◆ **Dataset excerpt**:
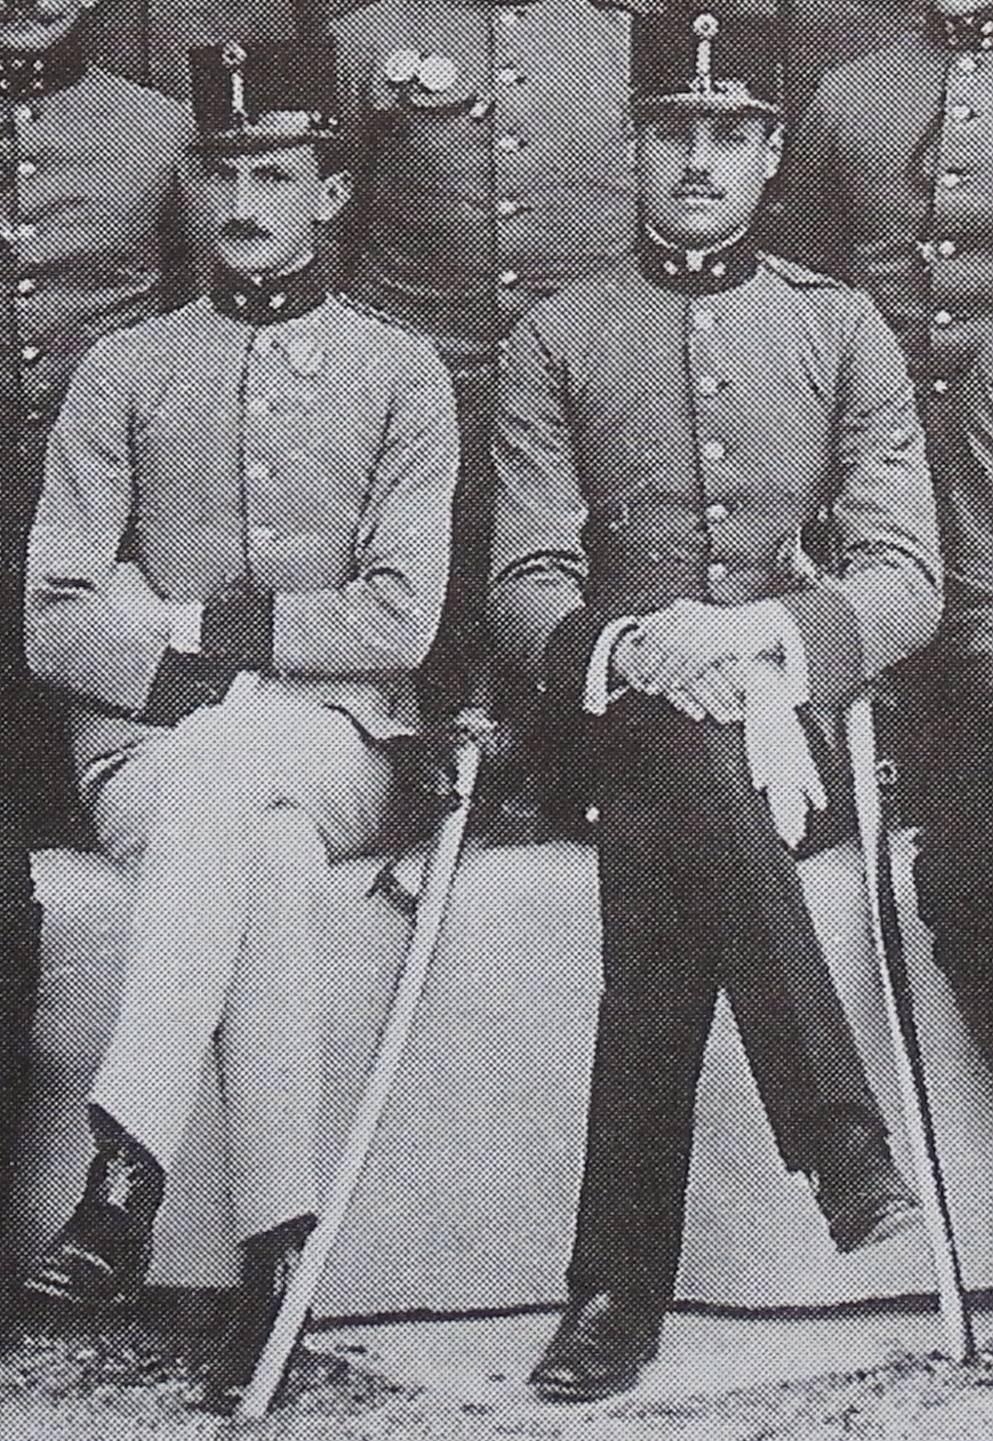 Max als Leutnant mit Anton VALLNER, Kaserne Görz, vor 1914.
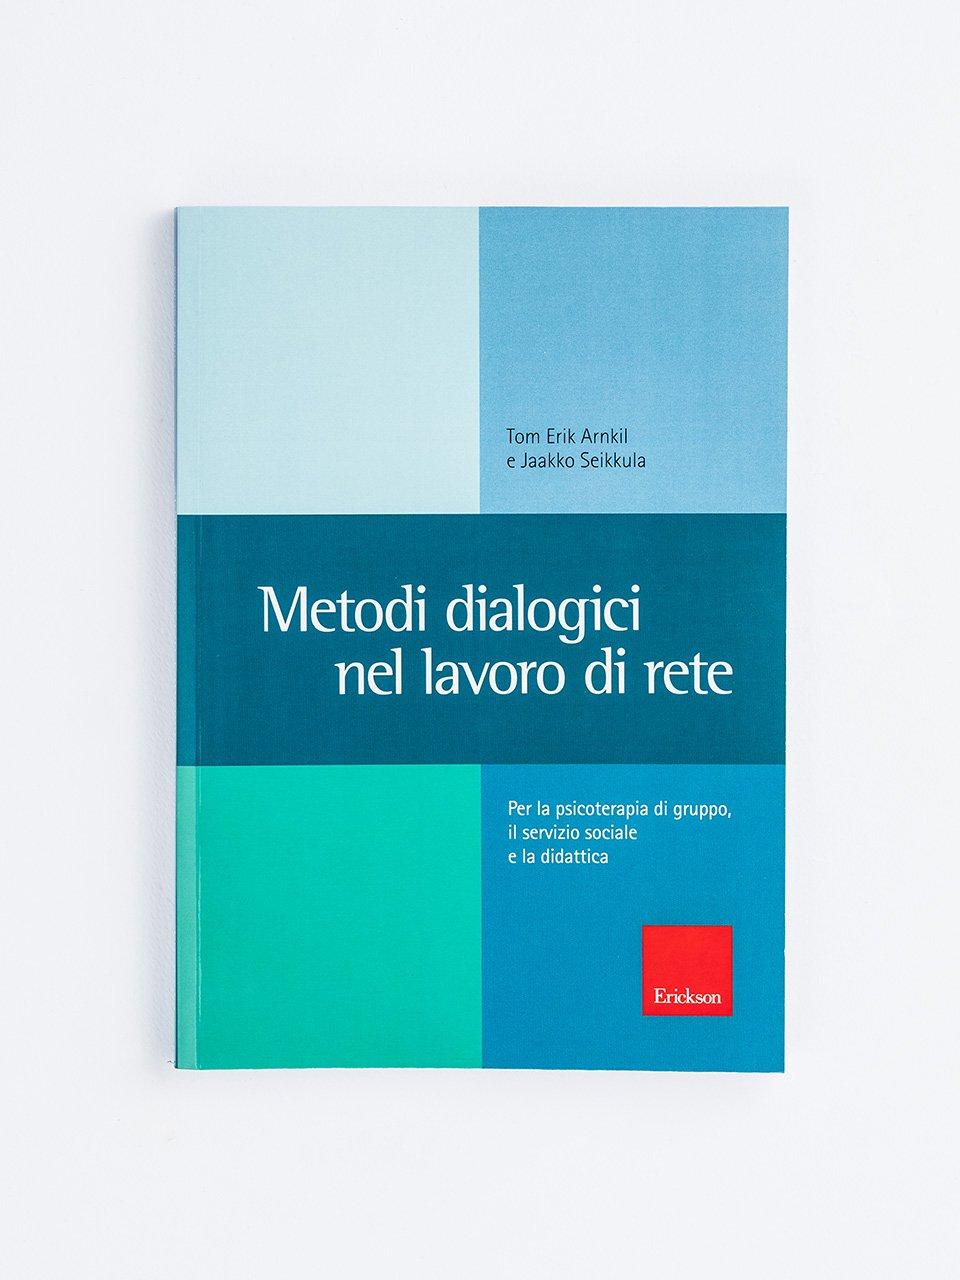 Metodi dialogici nel lavoro di rete - Terapista Occupazionale - Erickson
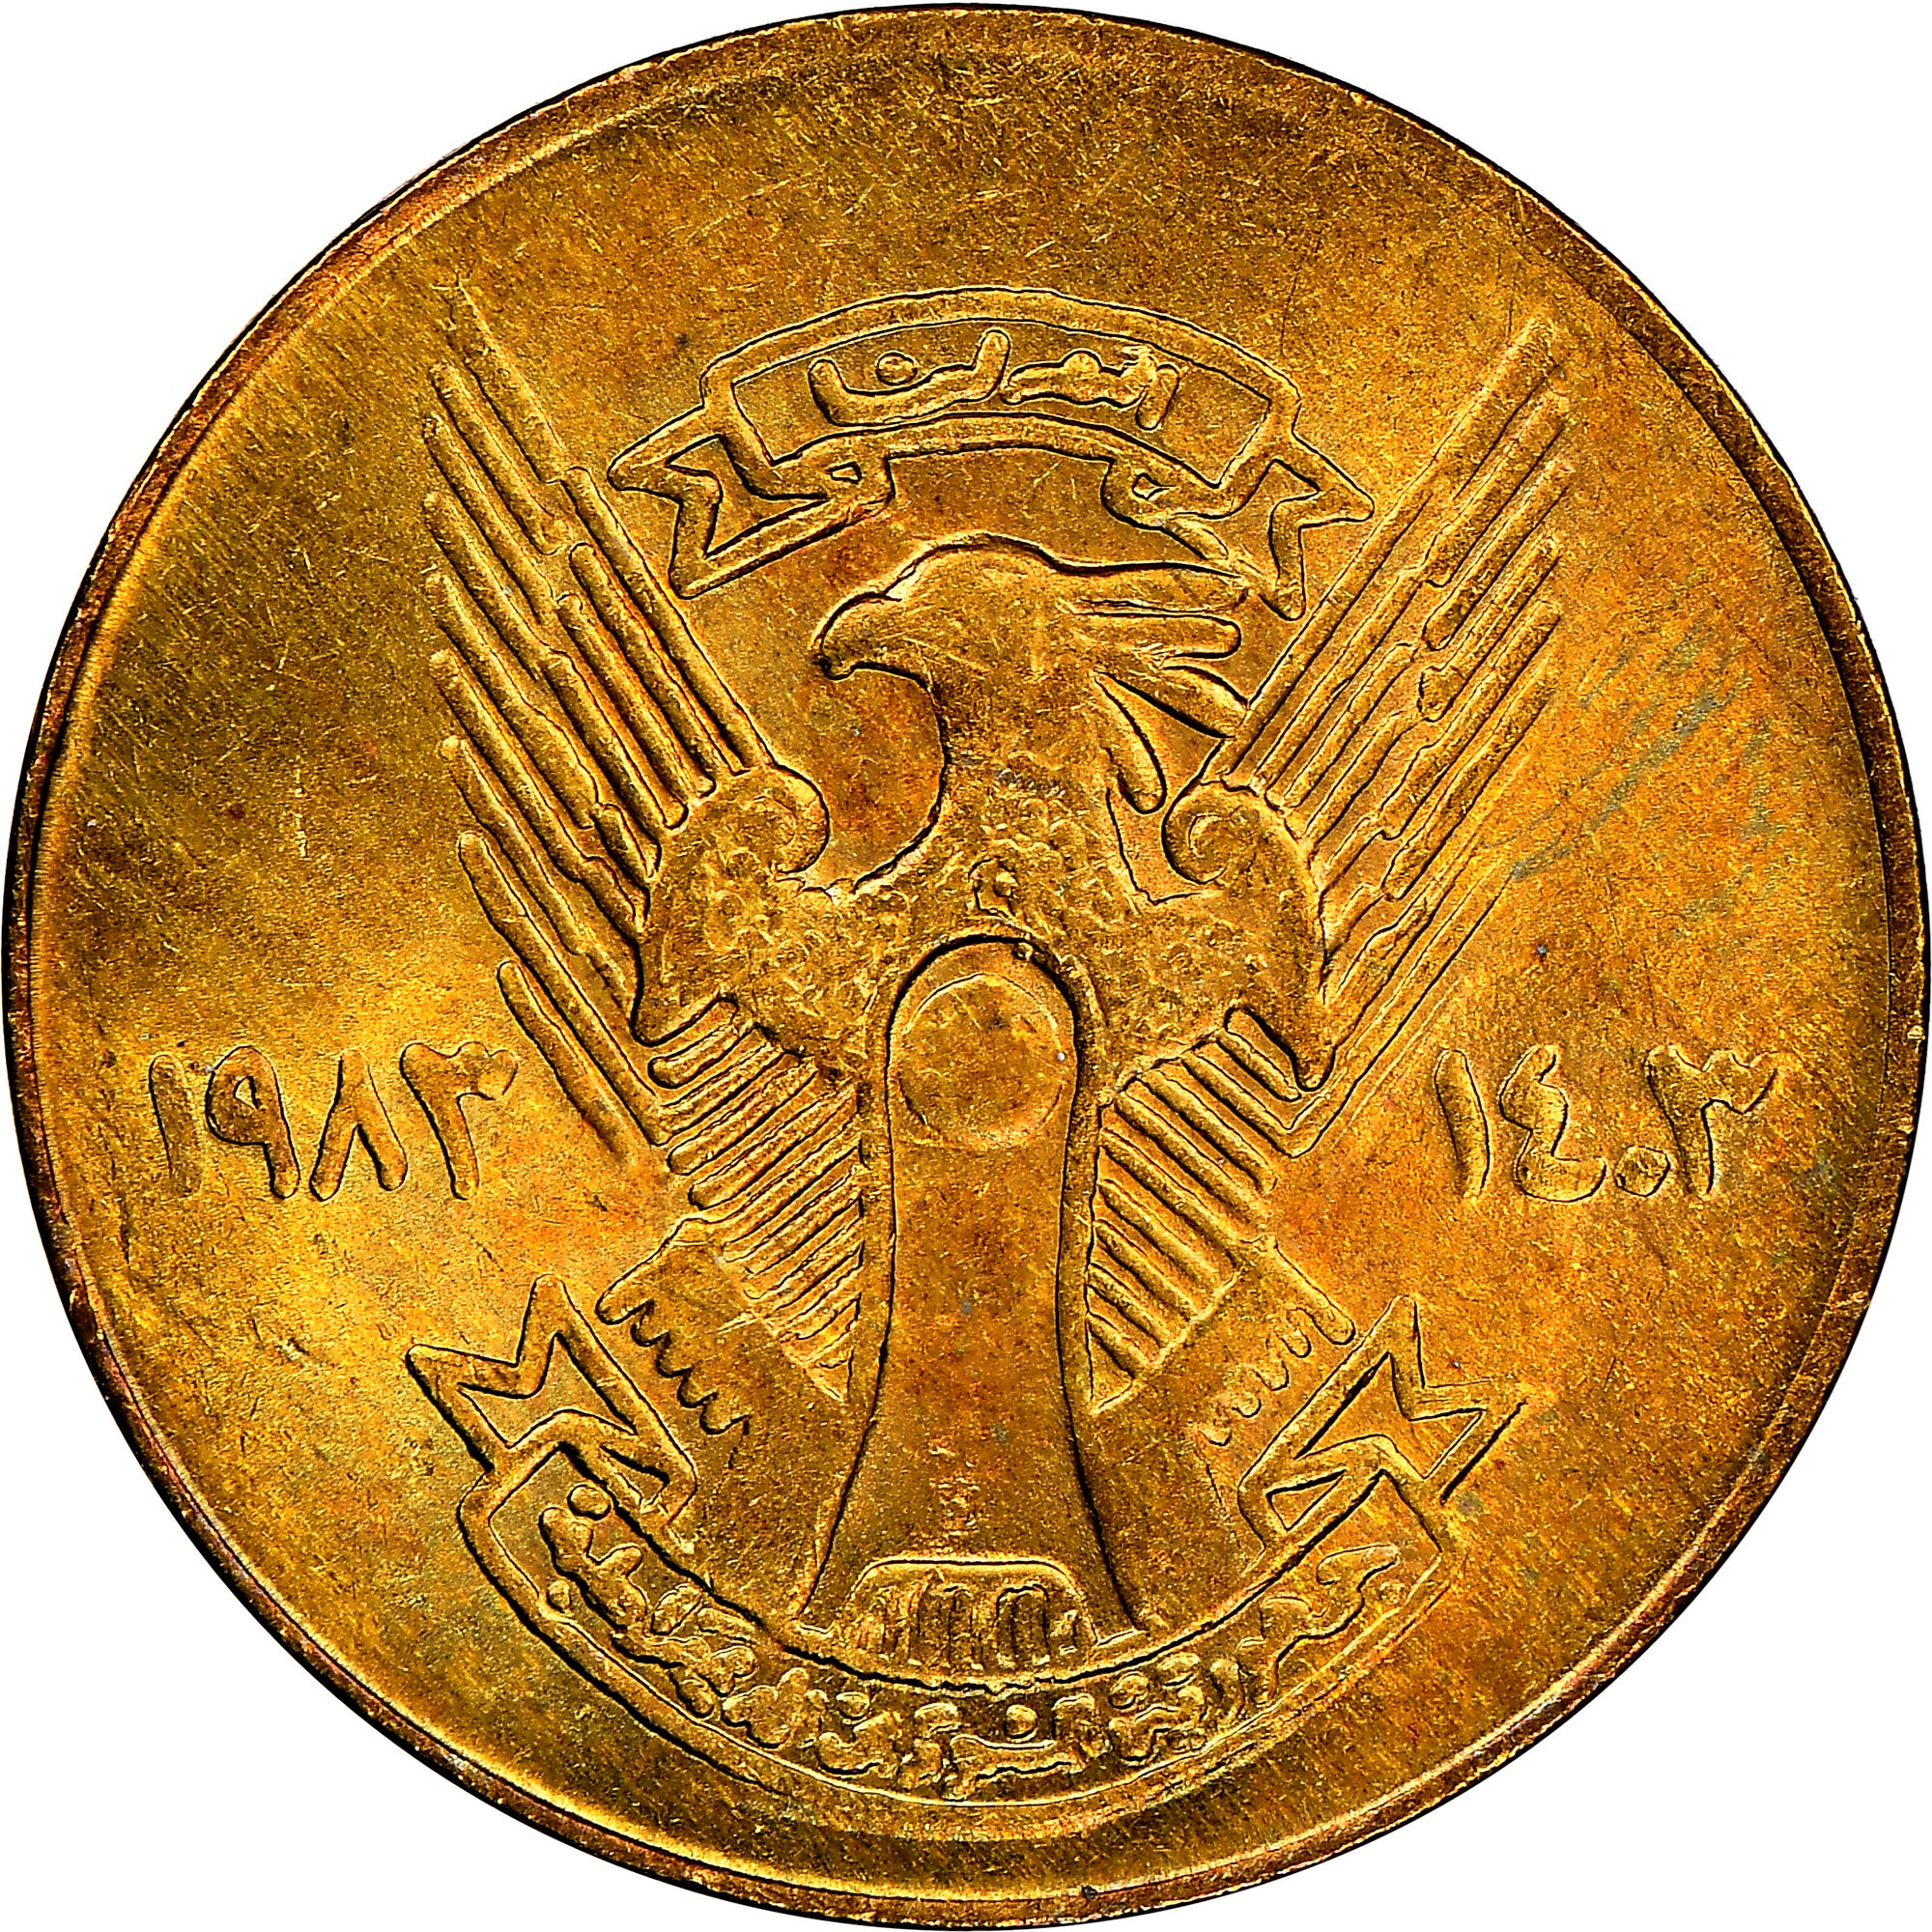 Sudan 5 Ghirsh reverse
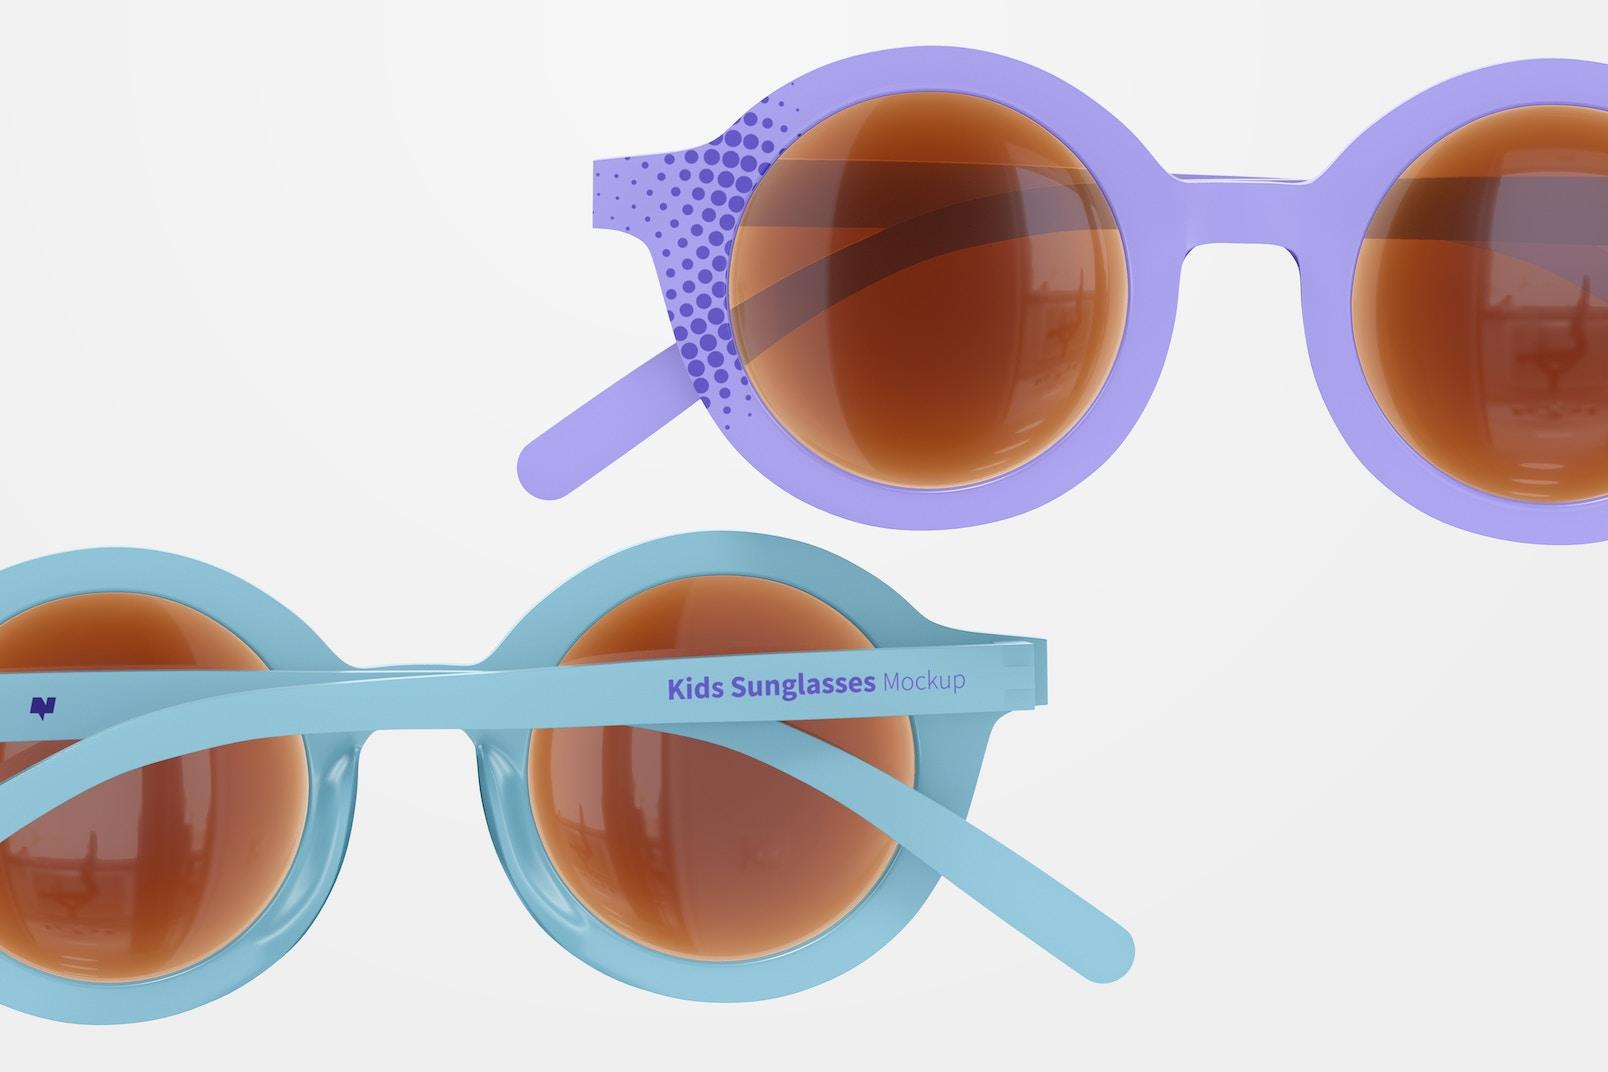 Kids Sunglasses Mockup, Close Up

◆ **How to complete this task**: Pictures excluded, write out exactly and only the lines of the material from the one containing "Metodi dialogici nel" up to and including the last line.

◆ **Written answer**:
 Metodi dialogici nel lavoro di rete - Terapista Occupazionale - Erickson
 Sudan 5 Ghirsh reverse
 Kids Sunglasses Mockup, Close Up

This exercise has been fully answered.